Suitable materials for the second susceptor material may include
nickel and certain nickel alloys.
[0023] By providing a susceptor having at least a first and a
second susceptor material, the heating of the aerosol-forming
substrate and the temperature control of the heating may be
separated. Preferably the second susceptor material is a magnetic
material having a second Curie temperature that is substantially
the same as a desired maximum heating temperature. That is, it is
preferable that the second Curie temperature is approximately the
same as the temperature that the susceptor should be heated to in
order to generate an aerosol from the aerosol-forming
substrate.
[0024] Susceptor granules such as beads and grits may be
manufactured from melting a raw material, for example an alloy, to
create metal droplets. For manufacturing the beads, which are
substantially round but may have a spherical or irregular spherical
(angular) shape, the droplets may be reshaped and sieved to obtain
a specific granulometry range.
[0025] For manufacturing grits, which are substantially round but
have angular shapes, the droplets may be crushed into angular
particles and sieved to obtain a specific granulometry range. Grits
may also be obtained from industrial residues of stainless steel
processing factories, for example, residues caused by manufacturing
medical tools or processing medical grade alloys. These residues
may be trimmed and crushed and sieved to obtain a specific
granulometry range.
[0026] Susceptor flakes may be manufactured, for example, by
milling techniques using various raw material including recycling
material as mentioned above. For manufacturing flakes, which have a
substantially flat shape with a spherical or irregular spherical
(angular) circumferential shape, the raw materials are processed,
for example in several processing steps, to obtain flakes in a
defined thickness and overall size range. Preferably, in a
processing step, it is ascertained that the flakes do not
agglomerate and that no fragmentation of the flakes into smaller
particles occurs.
[0027] A size of a susceptor granule, for example a bead or grit,
may be between 0.2 mm and 2.4 mm, preferably between 0.2 mm and 1.7
mm, more preferably between 0.3 mm and 1.2 mm.

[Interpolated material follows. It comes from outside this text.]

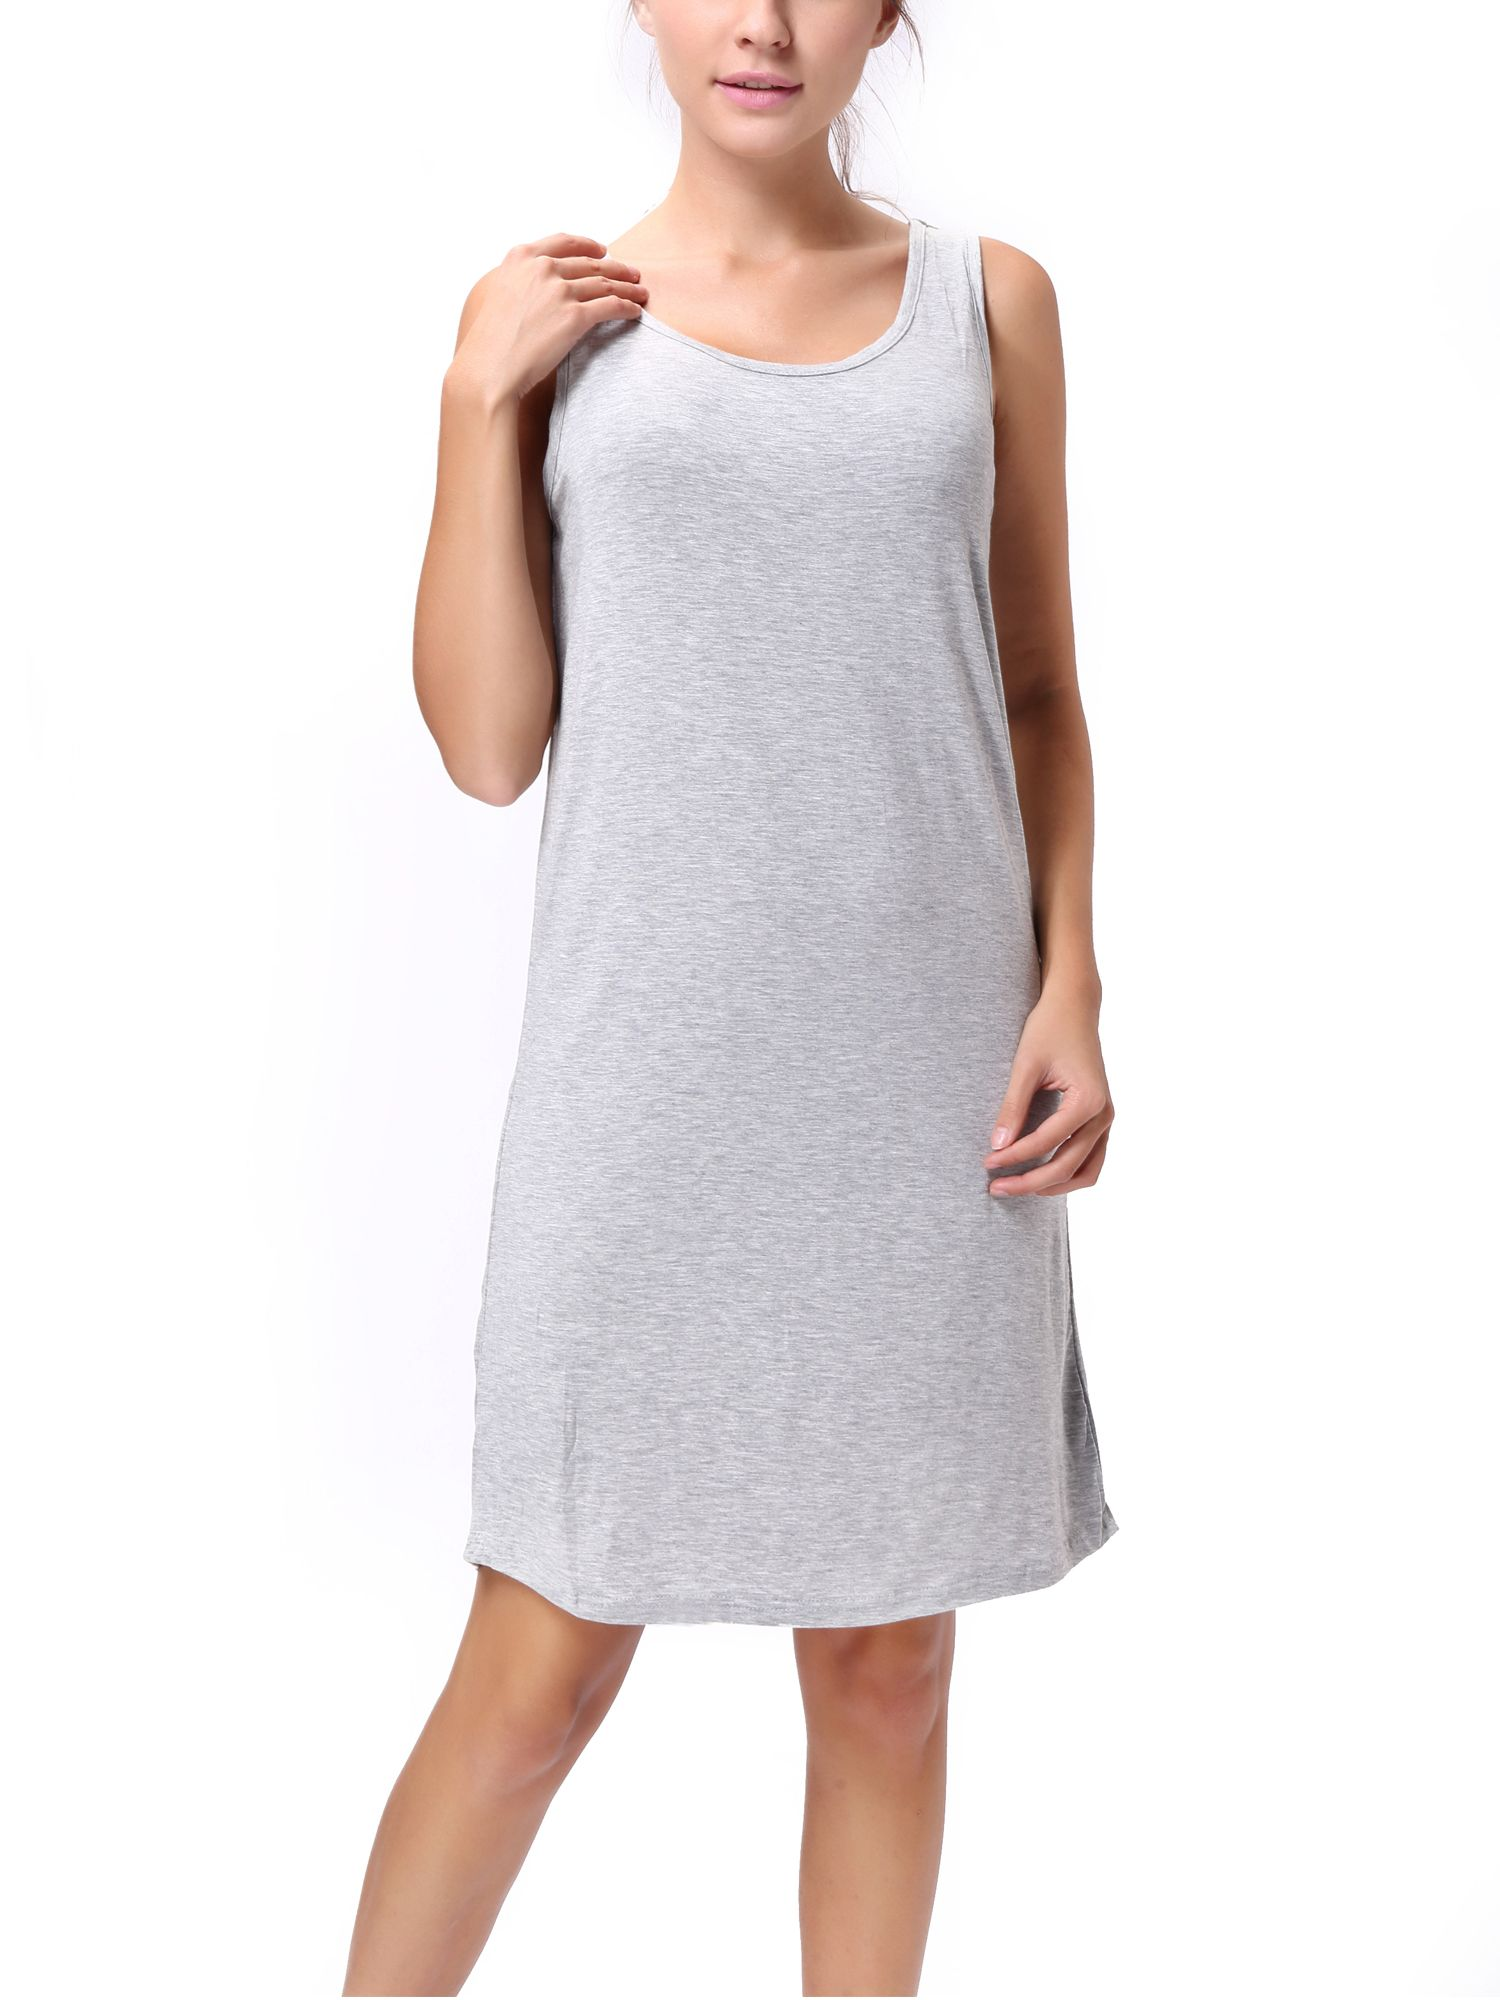 Sayfut Sayfut Women S Beach Casual Tank Tops Dress Modal Cotton Knee Length Sundresses Stretchy Slim Fit Vest Dresses Black Gray Walmart Com Sleeveless Long Dress Casual Tank Tops Spring Outfits Casual [ 2000 x 1500 Pixel ]

[0028] A maximal length of a susceptor flake may be between 0.2 mm
and 4.5 mm, preferably between 0.4 mm and 3 mm, more preferably
between 0.5 mm and 2 mm.
[0029] A thickness of susceptor flakes may be between 0.02 mm and
1.8 mm, preferably between 0.05 mm and 0.7 mm, more preferably
between 0.05 mm and 0.3 mm.
[0030] Advantageously, a core of susceptor material consists of one
particle. However, a core of susceptor material may comprise
several particles, for example two particles. If several particles
form a susceptor core, then the sum of the sizes of the several
particles is within the given granulometry range mentioned
herein.
[0031] A susceptor particle may be partially or entirely porous. A
susceptor particle may be massive or hollow.
[0032] Advantageously, for susceptor particles susceptor materials
are used having melting temperatures between 1450 degree Celsius
and 1500 degree Celsius. Particle densities may be between 5 g/cm3
and 9 g/cm3, preferably between 6 g/cm3 and 8 g/cm3. A bulk
density, which is dependent on a particle size, may be between 2.8
g/cm3 and 6.6 g/cm3, preferably between 3.5 g/cm3 and 4.7 g/cm3 for
beads and flakes. A bulk density of grit may be in a slightly more
narrow density range between 3.1 g/cm3 and 6.2 g/cm3, preferably
between 3.8 g/cm3 and 4.1 g/cm3. A hardness of susceptor beads and
flakes may be between 30 HRC to 70 HRC (Rockwell scale), preferably
between 30 HRC and 50 HRC, wherein a hardness of susceptor grits,
preferably is between 30 HRC and 70 HRC, more preferably between 40
HRC and 60 HRC.
[0033] As a general rule, whenever a value is mentioned throughout
this application, this is to be understood such that the value is
explicitly disclosed. However, a value is also to be understood as
not having to be exactly the particular value due to technical
considerations. A value may, for example, include a range of values
corresponding to the exact value plus or minus 20 percent.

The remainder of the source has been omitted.